SAN DIEGO, CALIF.- Make no mistake, Ricardo Lara is a popular legislator in Sacramento.
Though some agree he endorses far left positions for undocumented immigrants, Lara has established himself as a champion for their rights.
Fitting since Lara was raised by Mexican immigrants in East Los Angeles, which he now represents as state senator for District 33.
In 2012, Lara became the first openly gay person of color to be elected to the California State Senate.
Lara recently chaired the influential Senate Appropriations Committee and notably authored the Health for All Kids Act, which Gov. Jerry Brown signed in 2015, to extend Medi-Cal to undocumented children. He has passed legislation for cleaner air and to protect the civil rights of Californians. Author of the Super Pollutant Reduction Act (Senate Bill 1383) in 2016, the bill created the nation's toughest law on black carbon, methane, and fluorocarbons that contribute to global warming.
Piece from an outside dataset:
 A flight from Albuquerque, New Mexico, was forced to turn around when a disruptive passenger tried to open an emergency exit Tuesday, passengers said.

Lara is an advocate for single-payer health care in California and authored a bill that the state Senate approved in 2017 to establish such a system.
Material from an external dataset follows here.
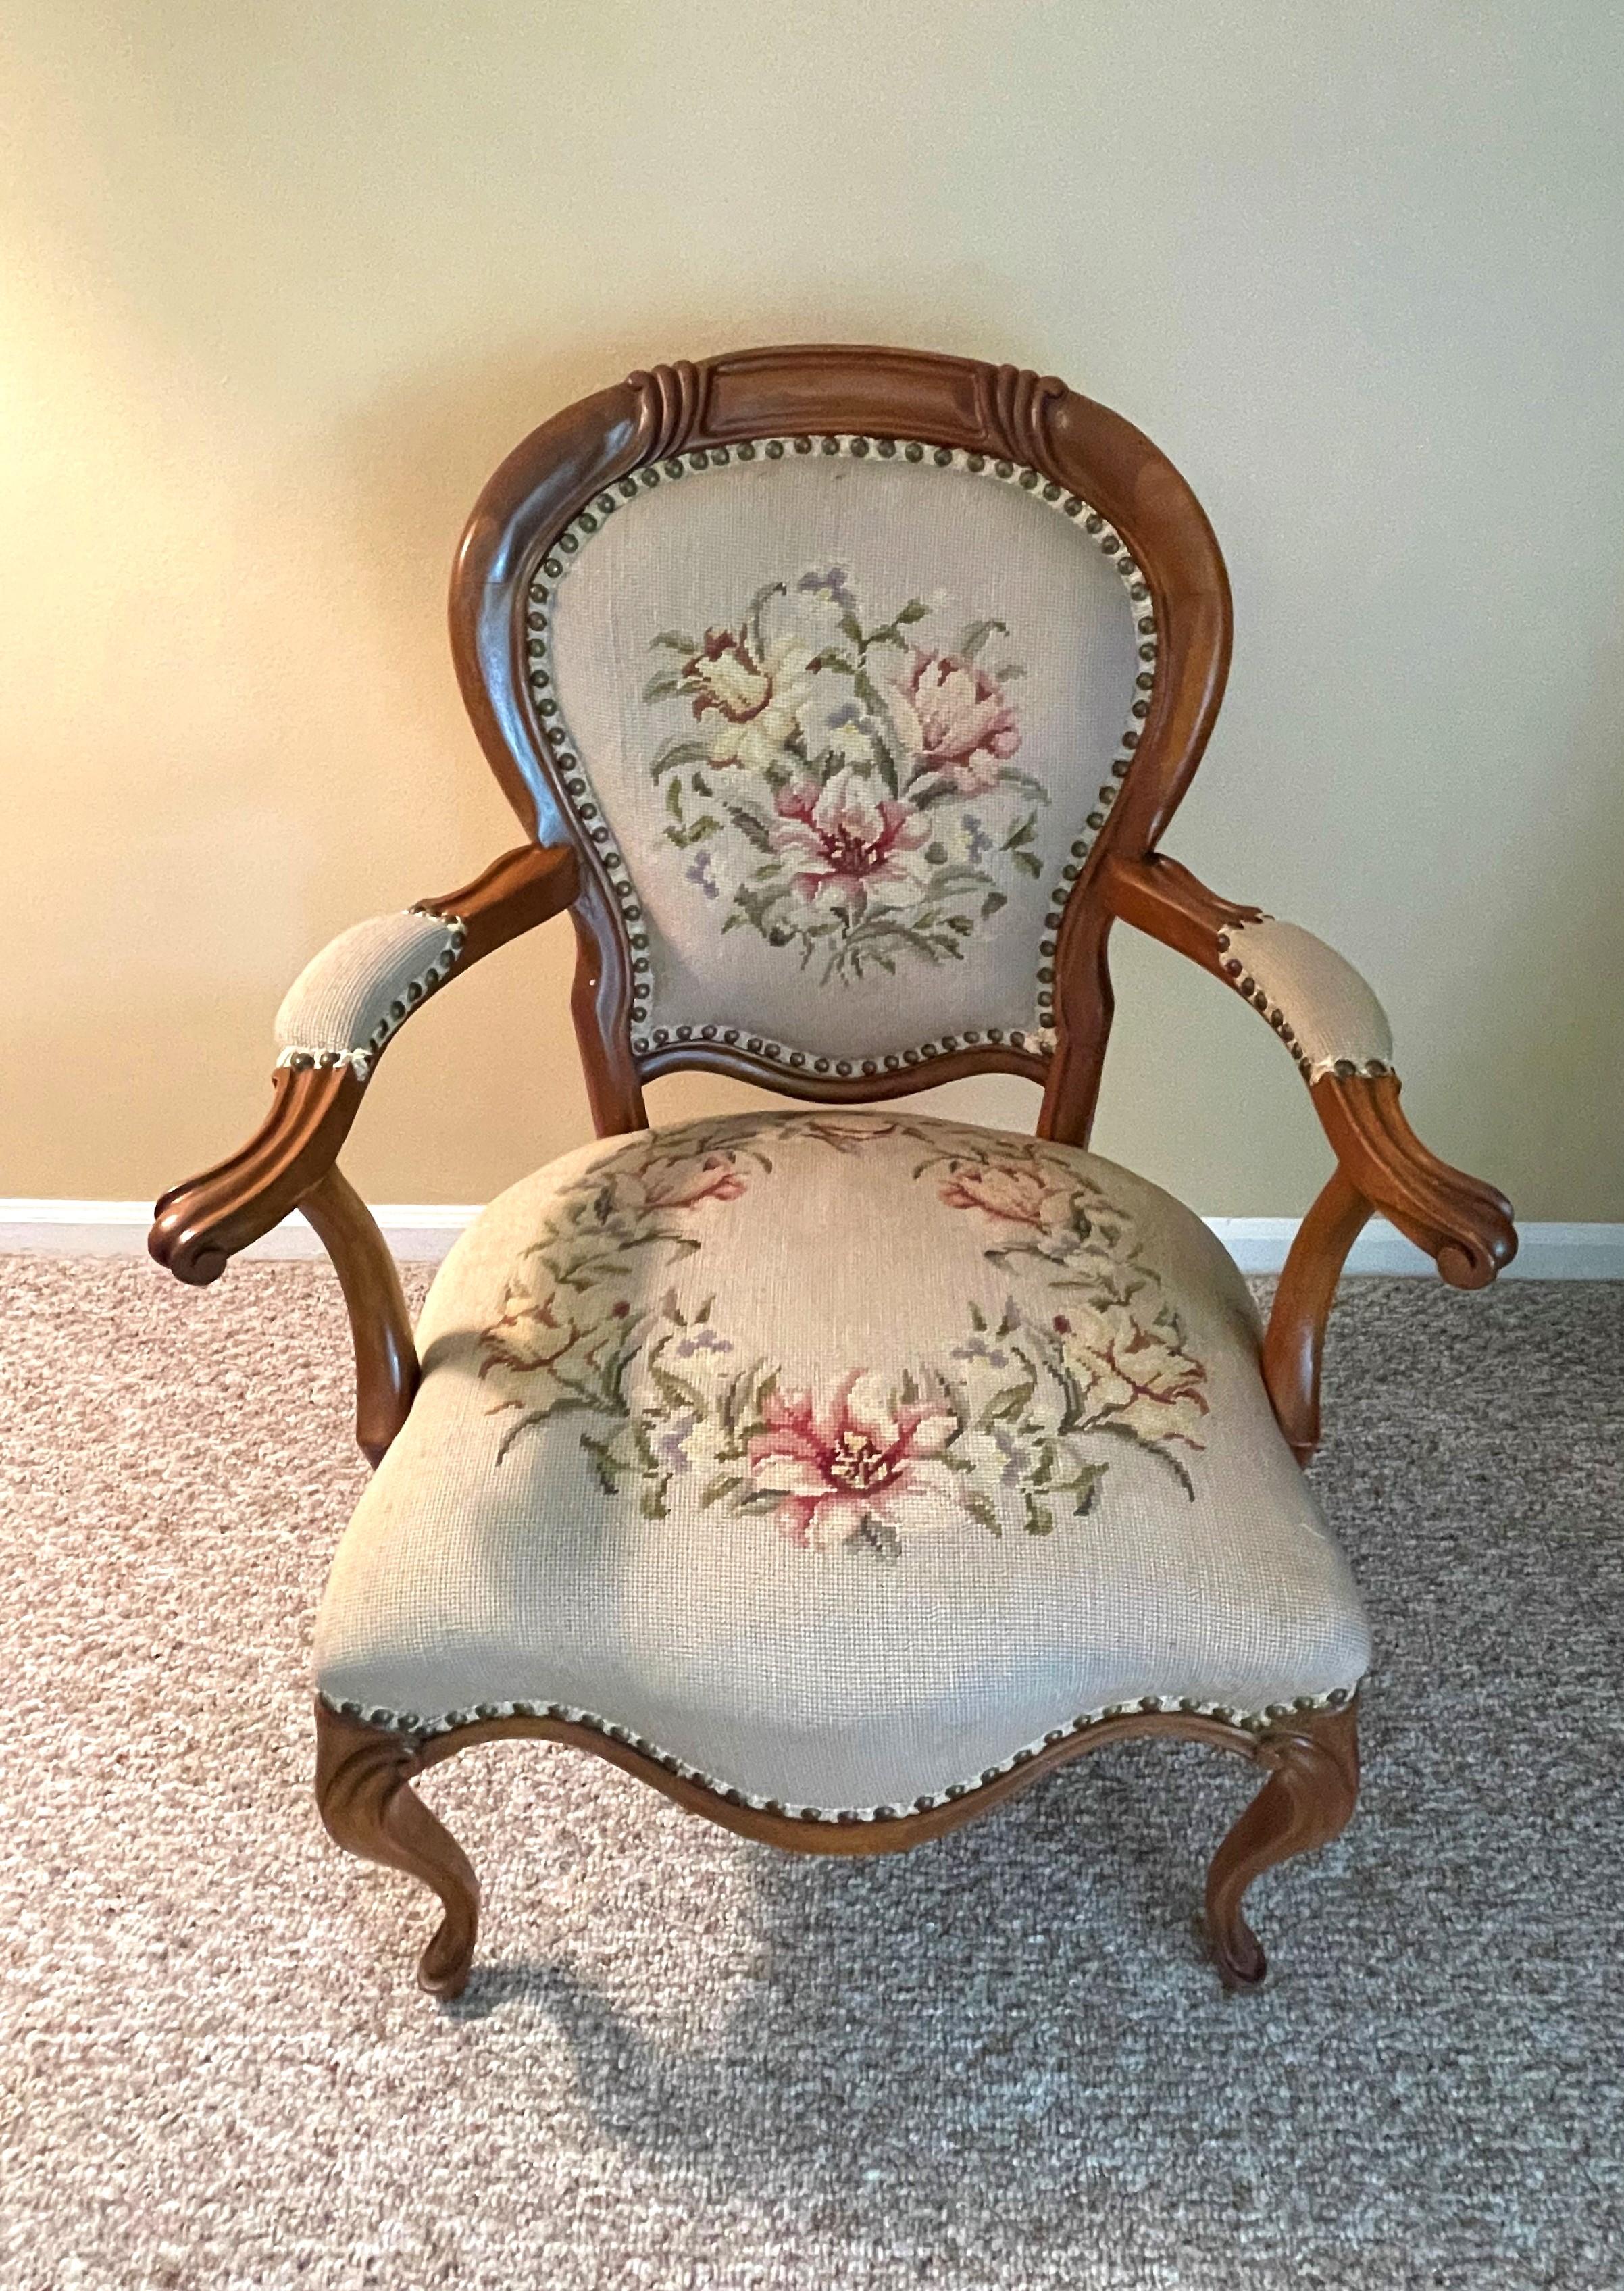 1920s French Walnut Accent Chair with Needlepoint Upholstery In Good Condition For Sale In Austin, TX

Indeed Lara’s bid for insurance commissioner has highlighted his continued support for universal health care, “Every student is going to confront our broken healthcare system, where we overpay for the most basic care,” Lara recently noted. “I believe healthcare should be a right for everyone, which is why I will support universal coverage.”
Lara's platform as described on his campaign site, includes health care, education, the environment, LGBTQ+ equality and other progressive issues.
Lara has garnered endorsements from several of the best-known political actors in California, including U.S. Sen. Kamala Harris, Gov. Jerry Brown and Lt. Gov. Gavin Newsom.
Unusual Ad Campaign
This week Lara began airing an unusual ad that repeats one of Poizner’s anti-illegal immigration commercials from 2010 when he ran for Governor.
Lara is using the spot to point out Poizner “was a registered Republican until right before the race for Insurance Commissioner,” Lara said in an interview. “He ran on a record to divide us, and now he flips on those issues.”
The 43-year-old Lara sees his time as a Democratic legislator as a plus in his bid for insurance commissioner. The office “touches the life of every Californian,” Lara said. “My record speaks for itself for its commitment to consumer protection. I’ve taken on difficult issues in the Legislature and brought people together to find a solution.”